What you are asked to do>
Reproduce exactly the lines from the one containing "Birthday Robot #2 by UrbanJazzFox" through the end of the listing, minus the pictures.

Exercise data>
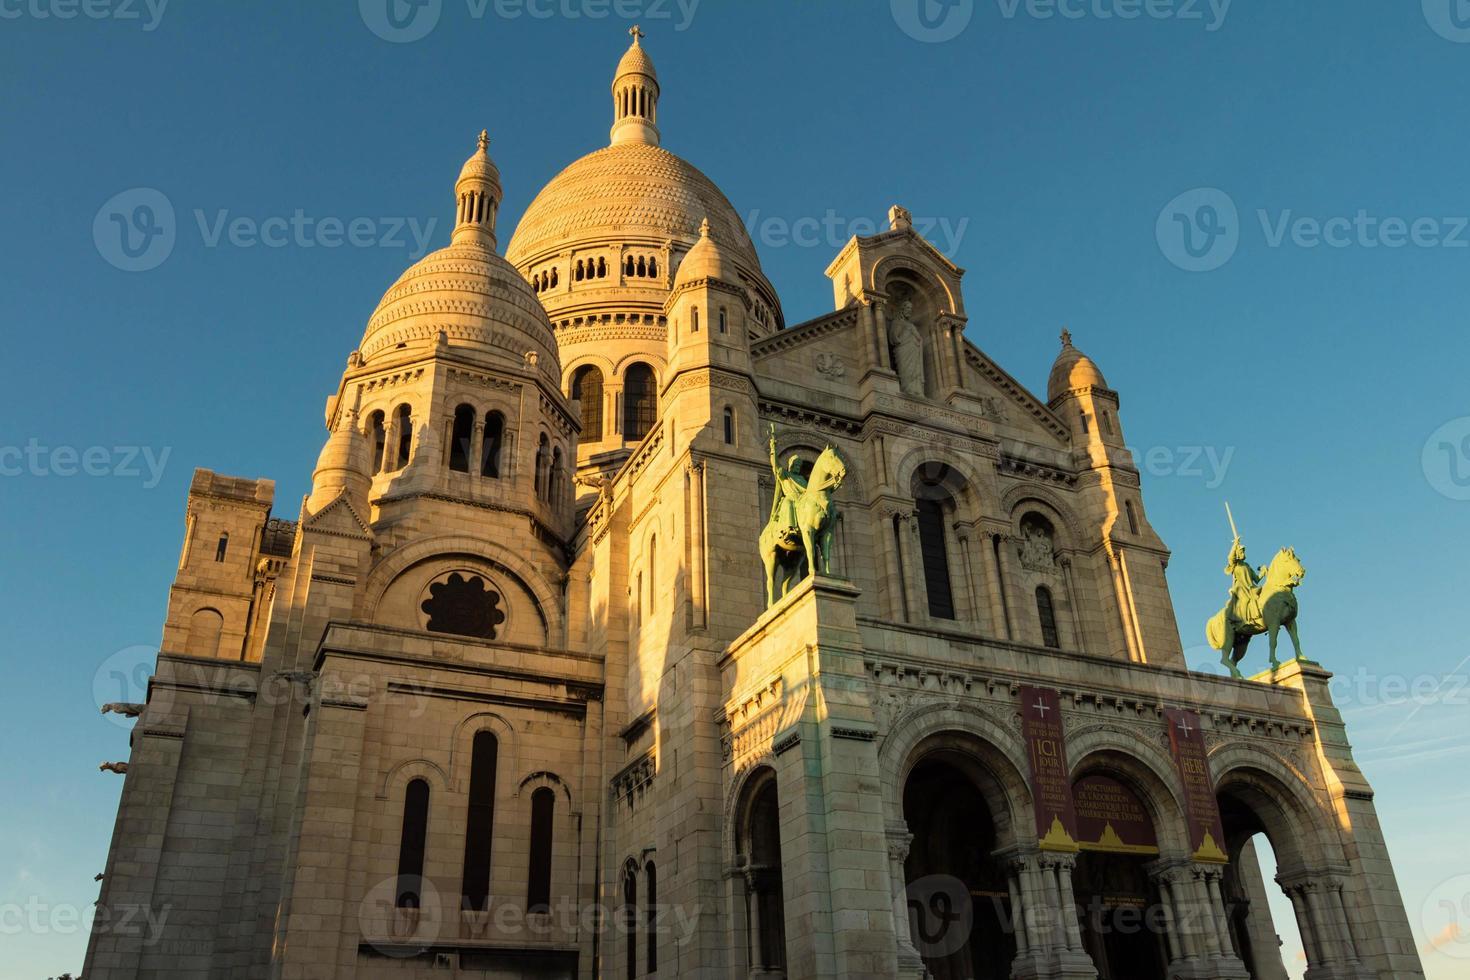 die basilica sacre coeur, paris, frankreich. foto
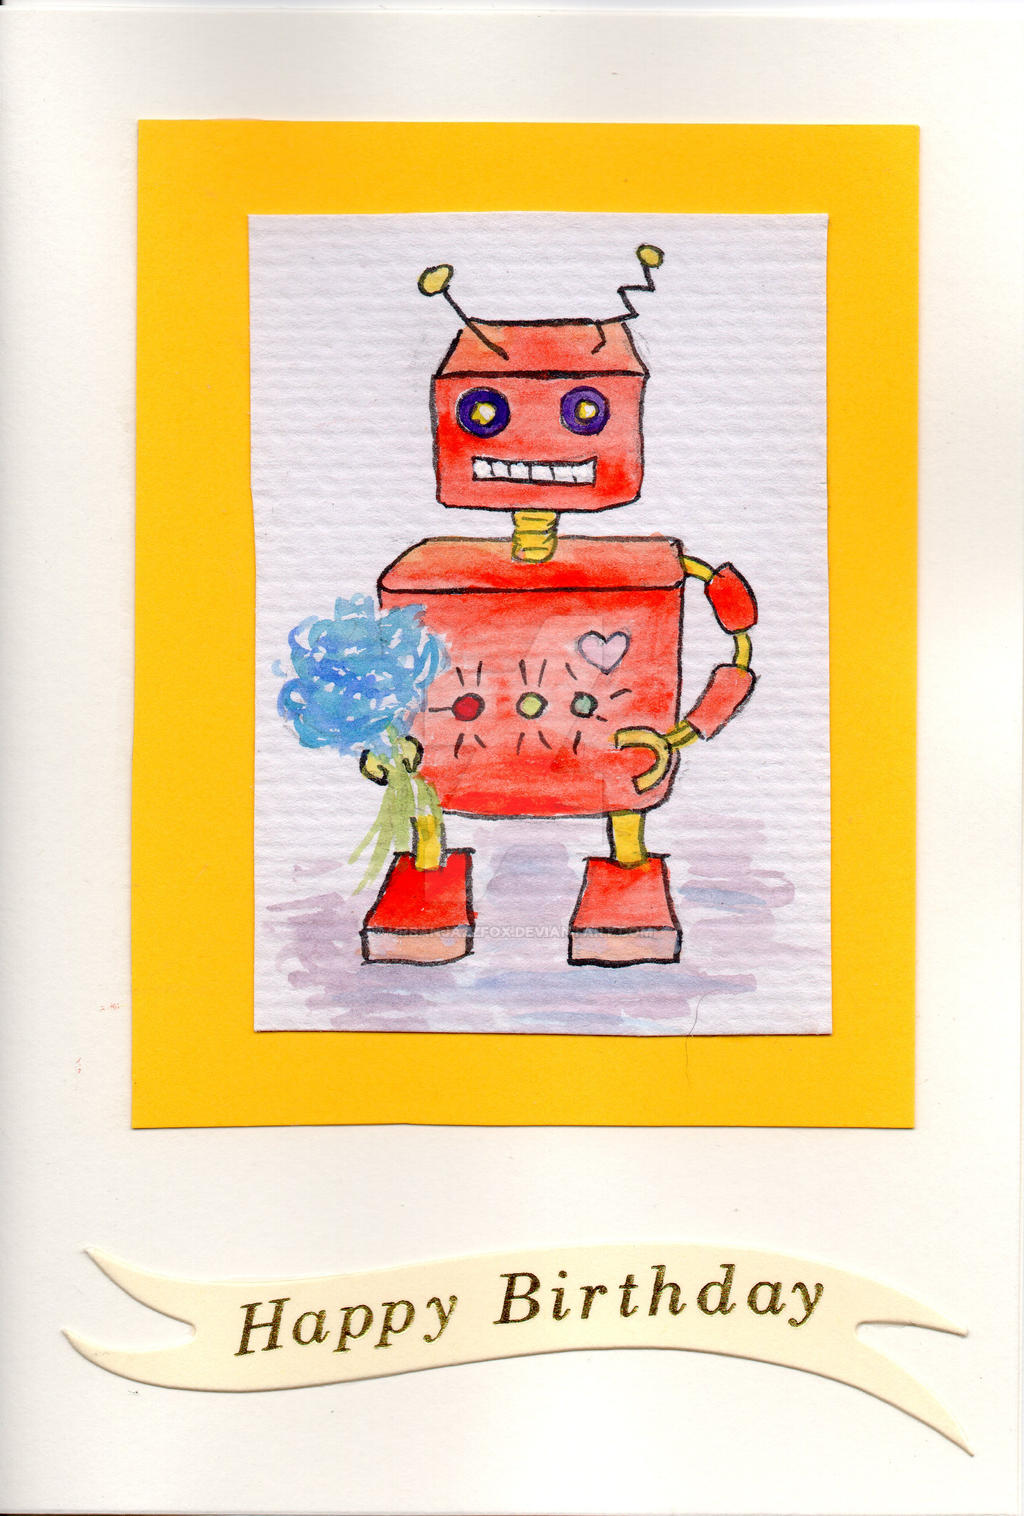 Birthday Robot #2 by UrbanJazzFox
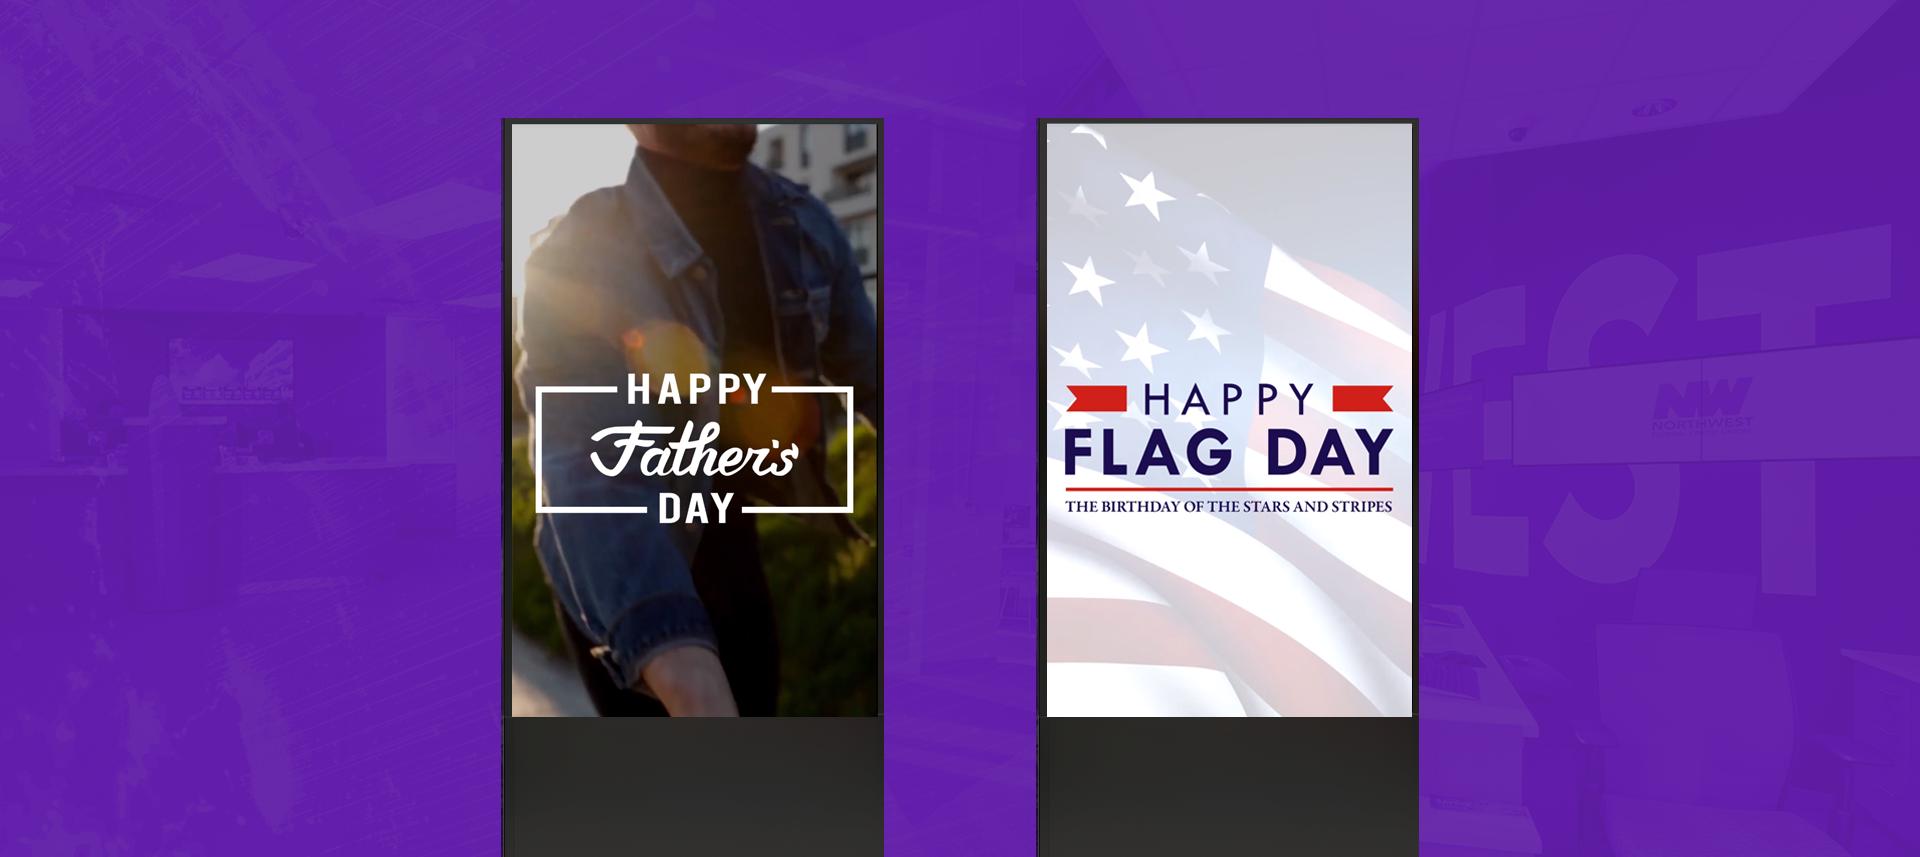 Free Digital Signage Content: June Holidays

Expected output>
 Birthday Robot #2 by UrbanJazzFox
 Free Digital Signage Content: June Holidays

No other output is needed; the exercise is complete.